-- DATA UNDER STUDY follows --

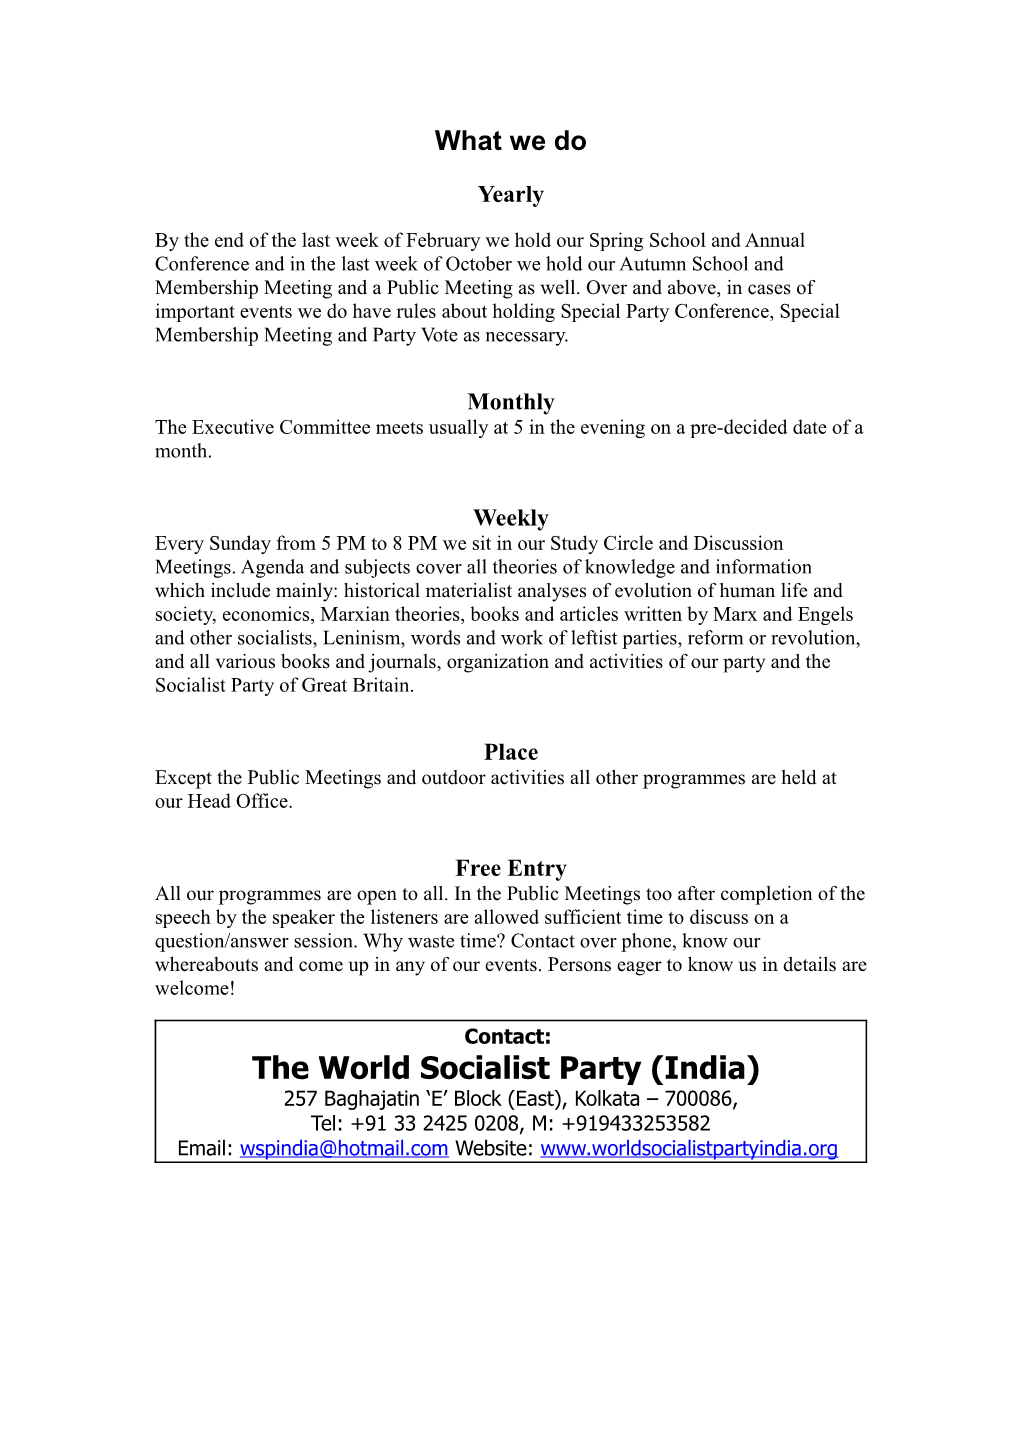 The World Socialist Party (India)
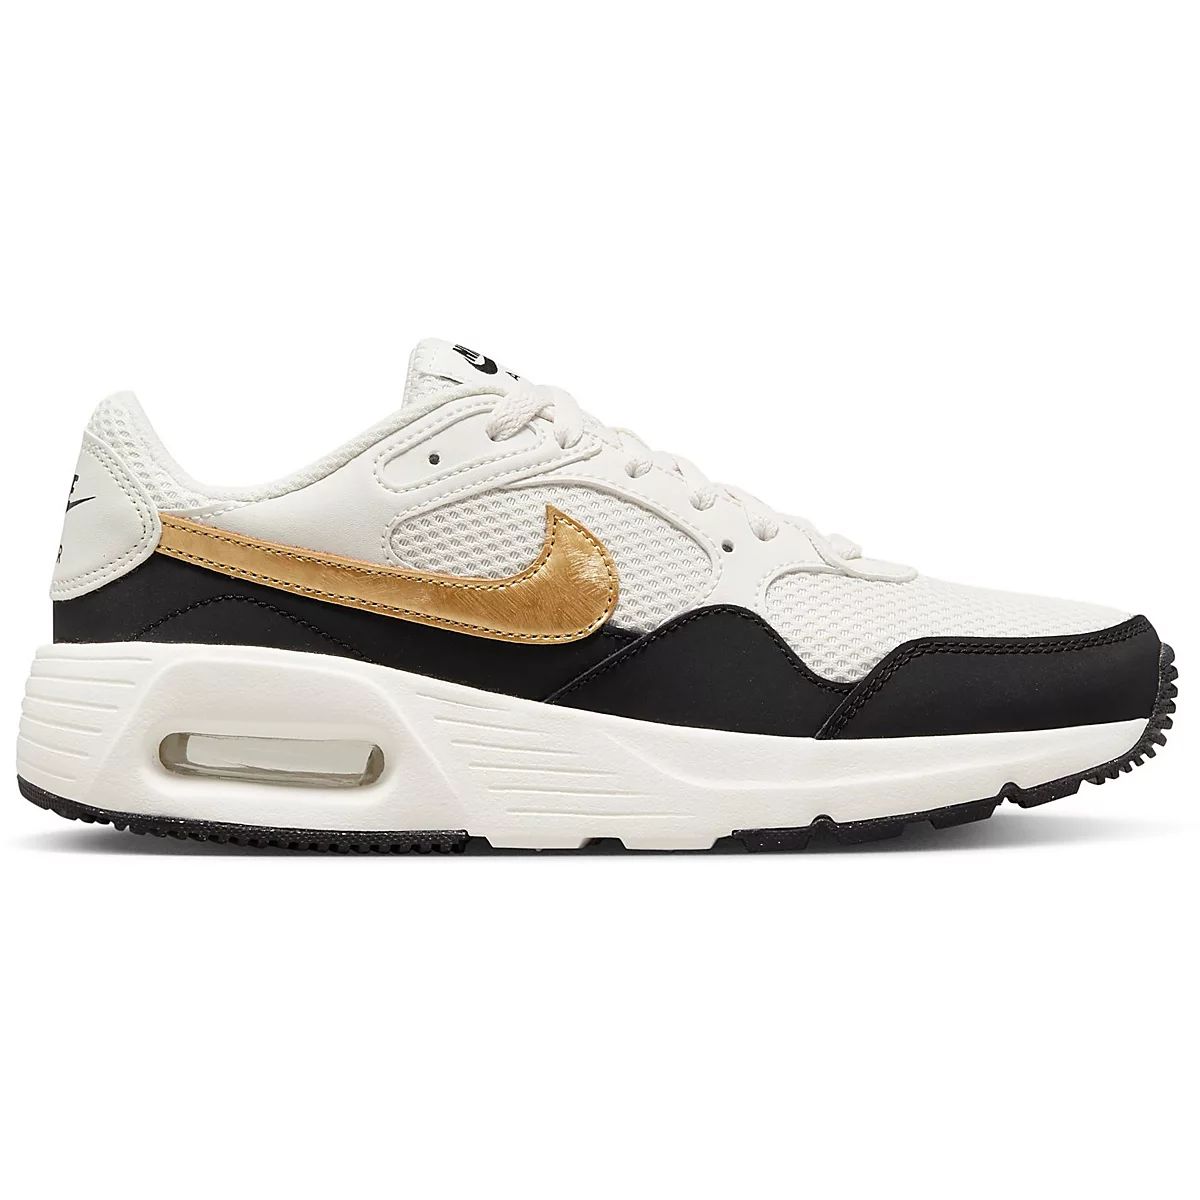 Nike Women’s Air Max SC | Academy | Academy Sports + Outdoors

-- DATA UNDER STUDY concluded --
-- DATA UNDER STUDY follows --

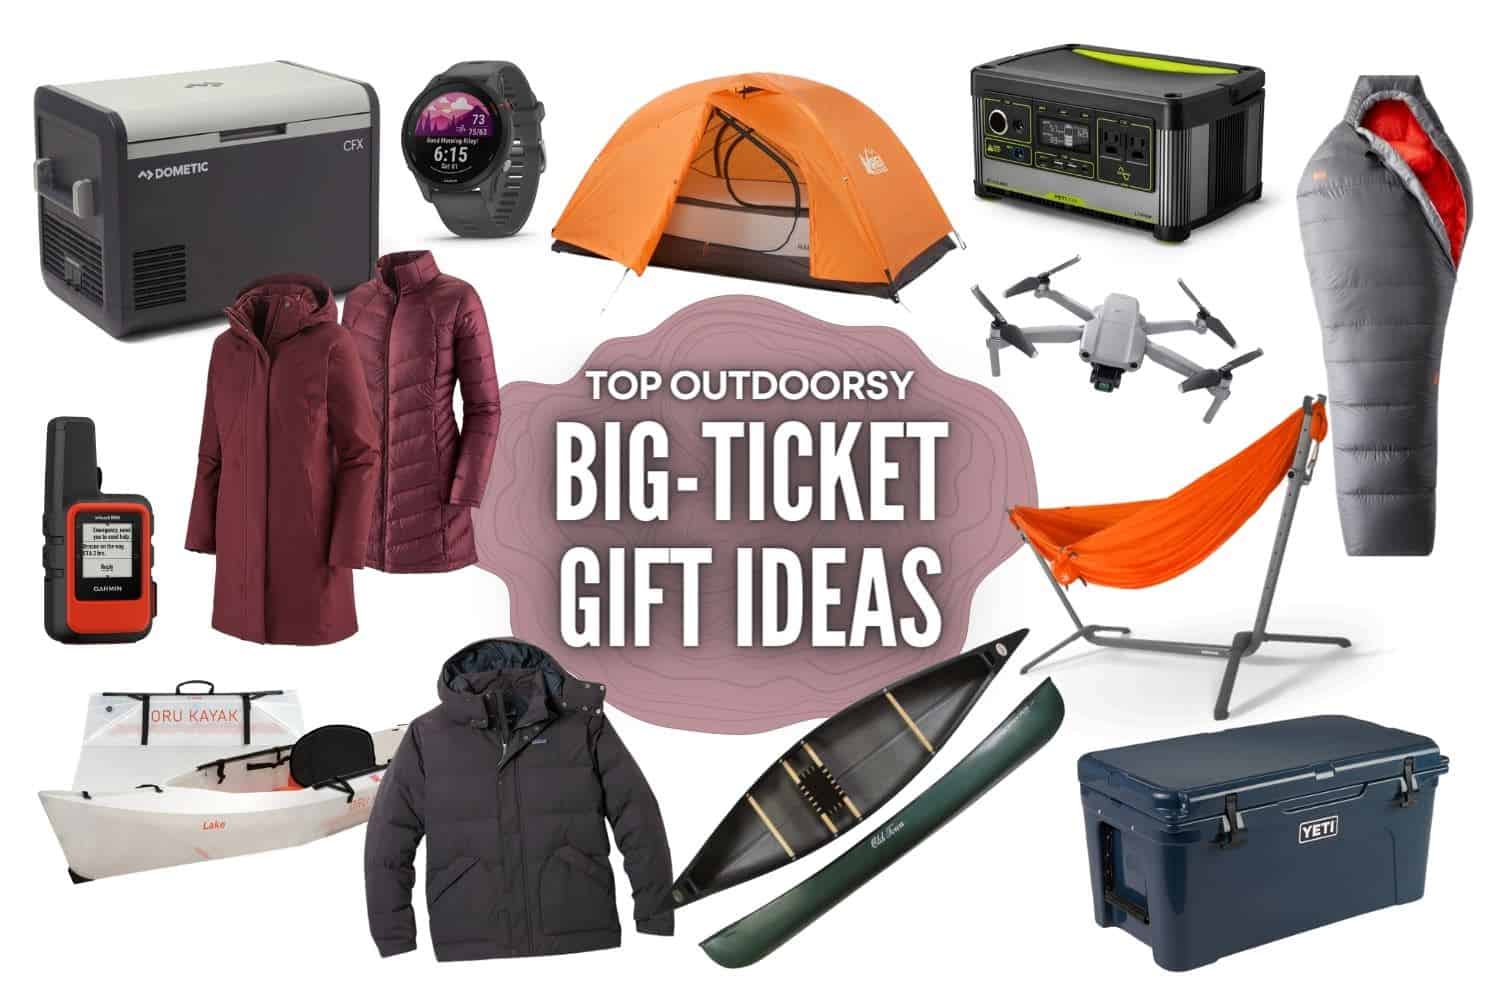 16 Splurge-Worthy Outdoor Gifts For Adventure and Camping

-- DATA UNDER STUDY concluded --

> **TASK DETAILS**: Among the entries above, take the line with "The World Socialist Party (India)", the line with "Nike Women’s Air", and all the lines between them, and restate them word for word without pictures.

> **YOUR SOLUTION**:
 The World Socialist Party (India)
 Nike Women’s Air Max SC | Academy | Academy Sports + Outdoors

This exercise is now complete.